Physical stores are fine because they have employees, rent, utilities and taxes that are inextricable from each location. Cloudbursting store infrastructure has no employees after some initial devops infrastructure is coded. It bursts on activity. No taxes, no employees. Just giving money to Apple because reasons. Same is true for all digital stores. Steam does a little more to earn it but I think it's too much as well.
Why do you think Apple, Google, etc are entitled to this money? They are swimming in cash. I'm a developer, I don't think you all realize how incredibly cheap it is to scale. Netflix will intentionally brick one of their major data centers to test how well it automatically recovers. Software is going to become ubiquitous with everything, the idea that 1 company just takes 30% is an astoundingly horrible idea.

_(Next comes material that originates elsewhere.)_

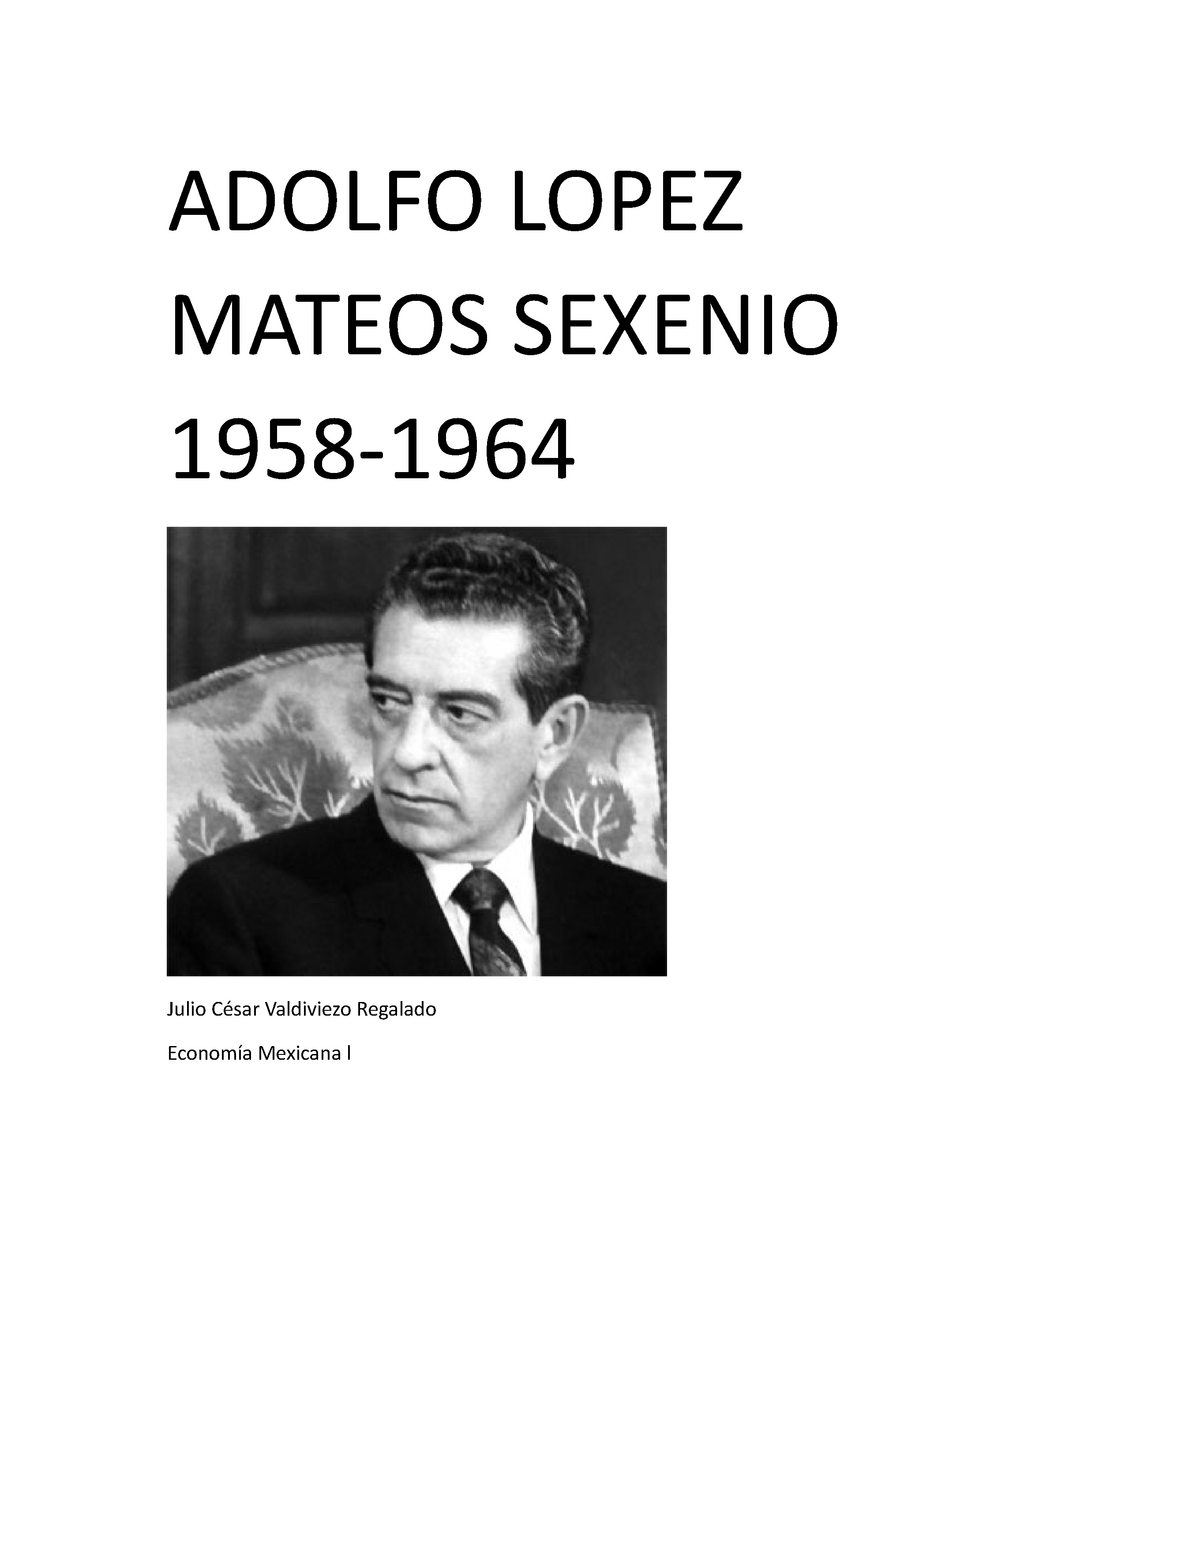 Adolfo Lopez Mateos Ensayo - ADOLFO LOPEZ MATEOS SEXENIO 1958- Julio César  Valdiviezo Regalado - Studocu

Has anyone considered that physical stores work on a percentage because they can't cost remove certain expenses like salary, taxes, utilities and rent? Instead think of it as a utility where a store front should operate based on usage, eg data used for downloads, updates, and advertising in charts, and that operational expense should be the baseline charge rate with a 10% profit margin permitted. Apple and Google would hate this because they wouldn't get hundreds of billions of free cash over years. This model could have incentives where cost reduction via innovation can be added to the 10% margin - regulated capitalism keeps competition innovating so that both businesses and consumers benefit.